Religion
- Affiliation: Sunni Islam
- Ecclesiastical or organizational status: Mosque
- Status: Active

Location
- Location: Qua-ye-Markaz, Kabul
- Country: Afghanistan
- Interactive map of Gaza Mosque
- Administration: Ministry of Hajj and Religious Affairs
- Coordinates: 34°31′45″N 69°09′32″E﻿ / ﻿34.5291°N 69.1590°E

Architecture
- Type: Mosque
- Style: Islamic architecture
- Funded by: Habibuddin Rezayi
- Completed: 2025
- Capacity: 500 worshippers

= Gaza Mosque =

Mosque in Kabul, Afghanistan

The Gaza Mosque is a Sunni mosque located in the Qua-ye-Markaz area of Kabul, the capital of Afghanistan, near the city's famous carpet market.
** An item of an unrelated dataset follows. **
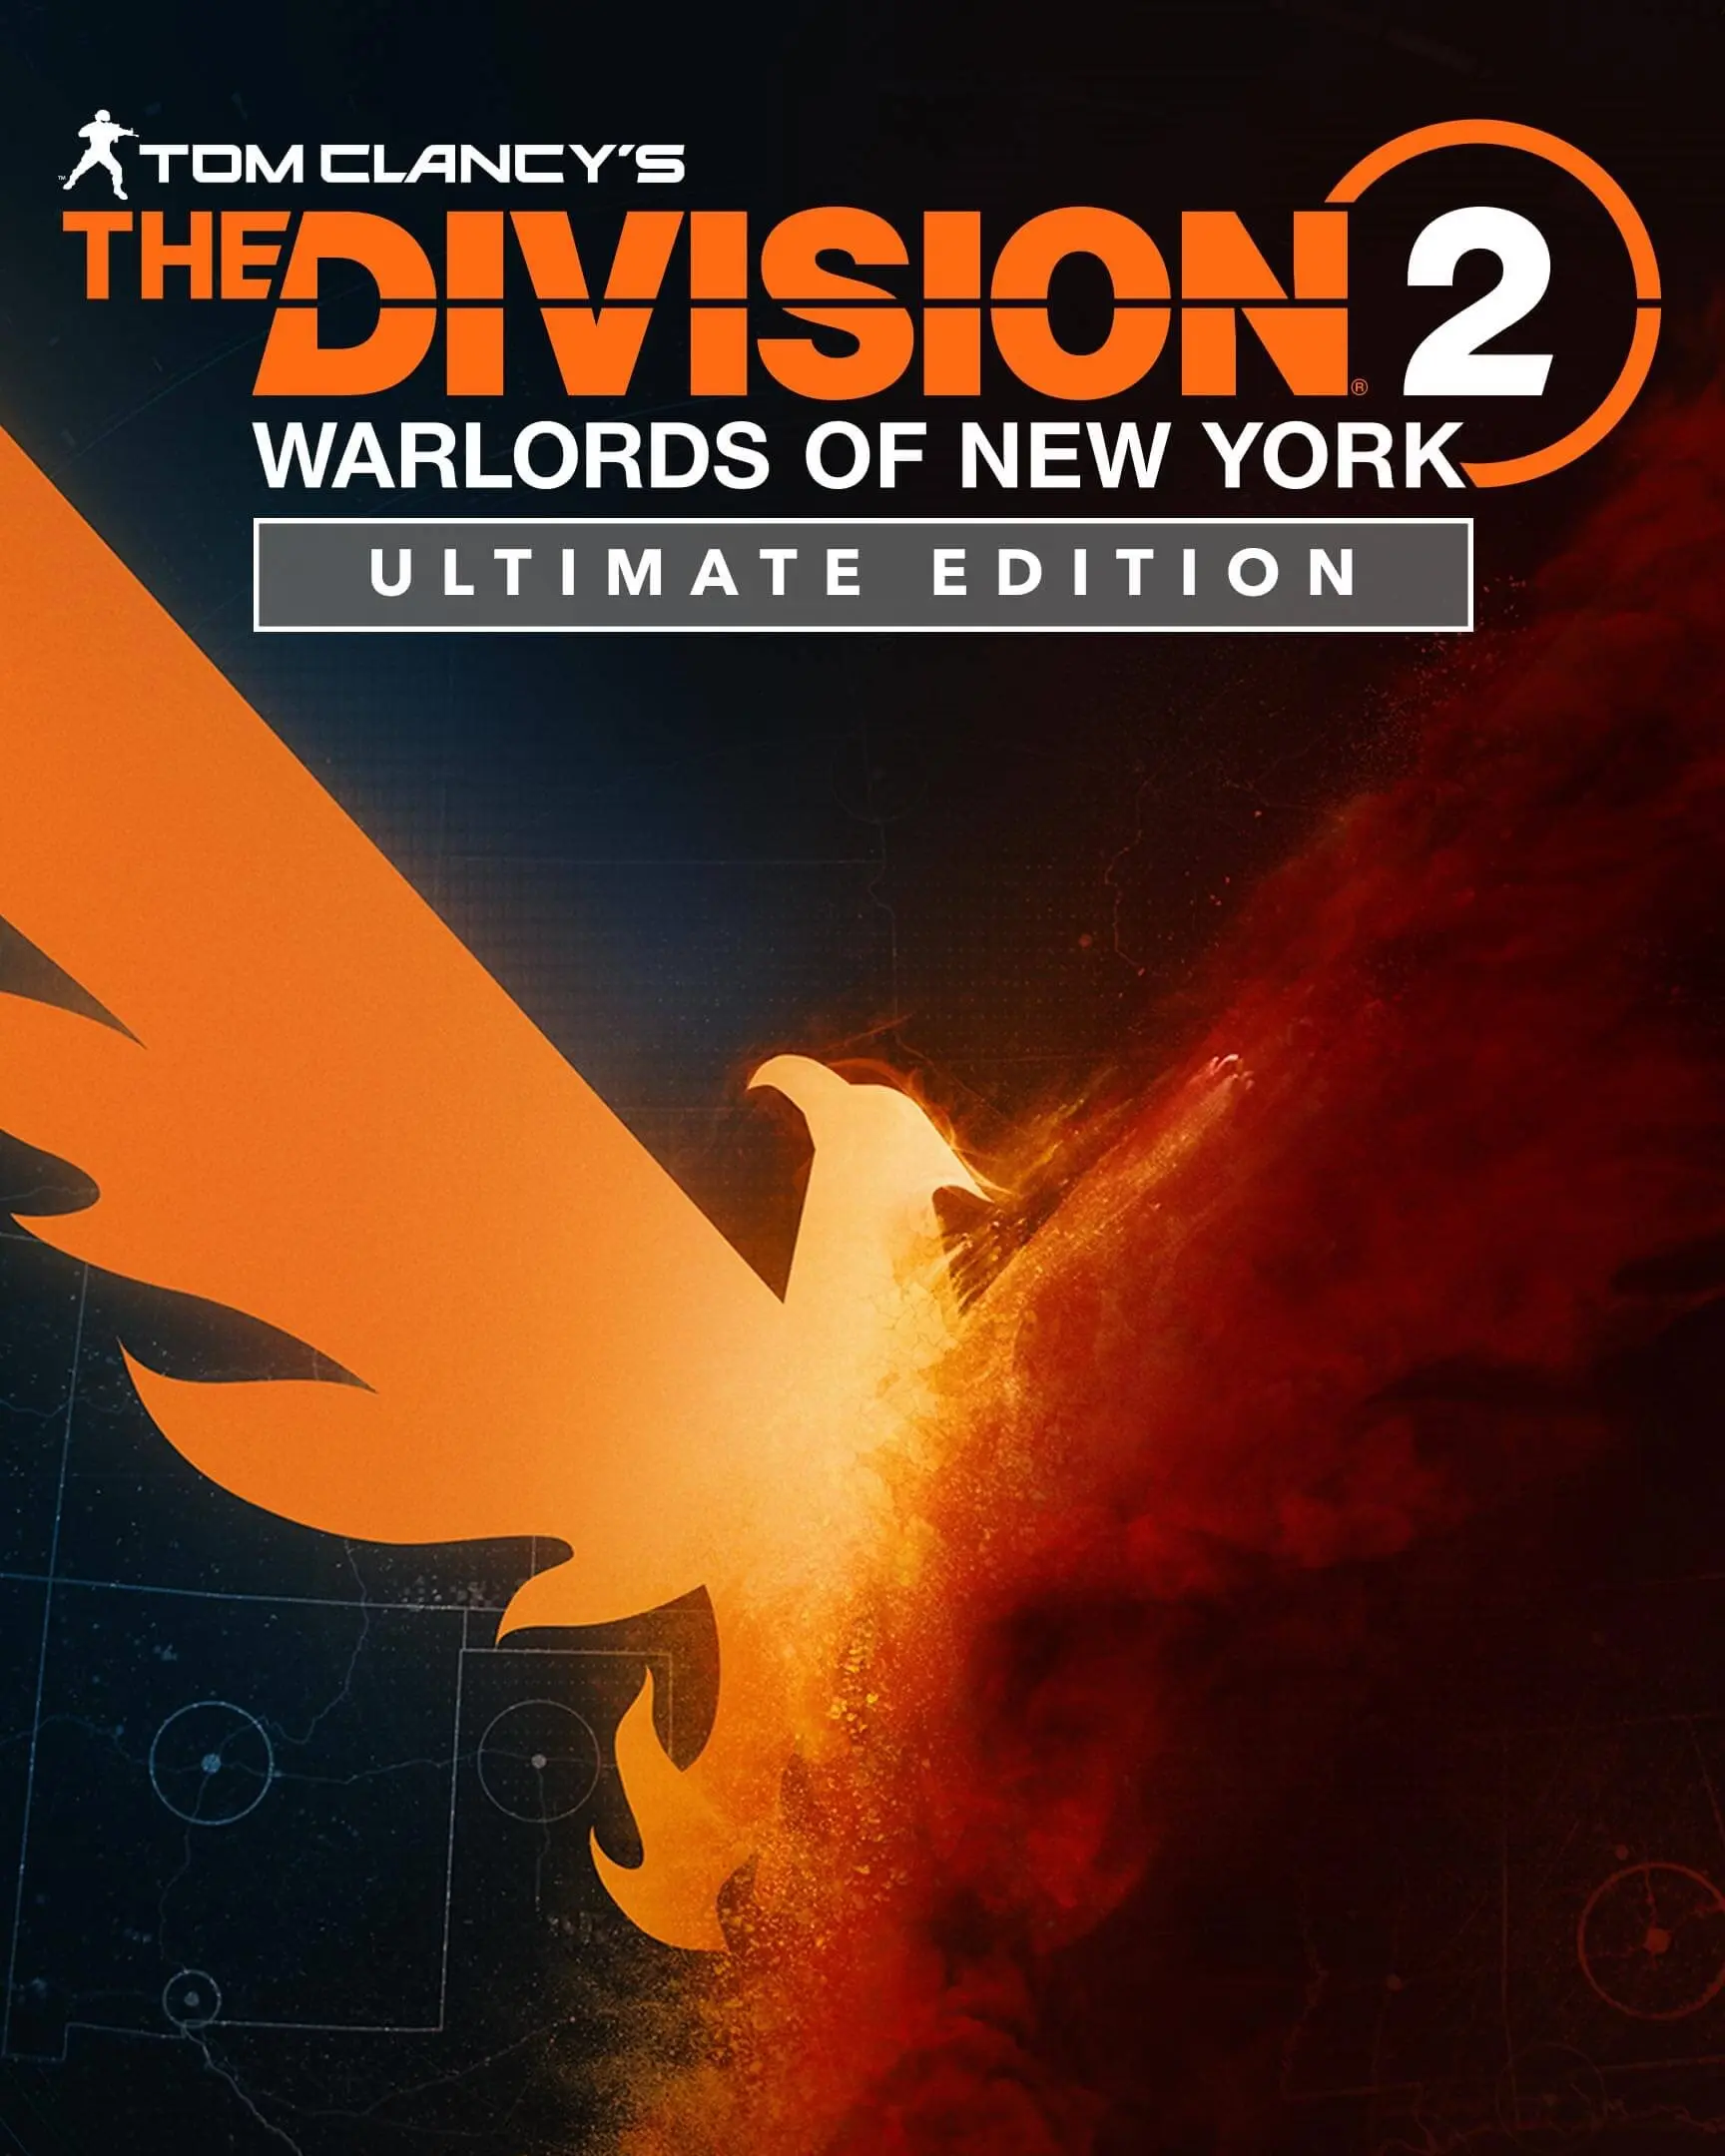 Tom Clancy's The Division 2: Warlords of New York Ultimate Edition (AR) (Xbox One / Xbox Series X|S) - Xbox Live - Digital Code

Inaugurated on 11 January 2025, the mosque was named after Gaza in order to express solidarity with the Palestinian people and honor the soldiers and victims of Gaza war. The two-story mosque, which can accommodate approximately 500 worshippers, was built using public donations on land provided by the Kabul municipality. Habibuddin Rezayi, a businessman, led the fundraising efforts to construct the mosque.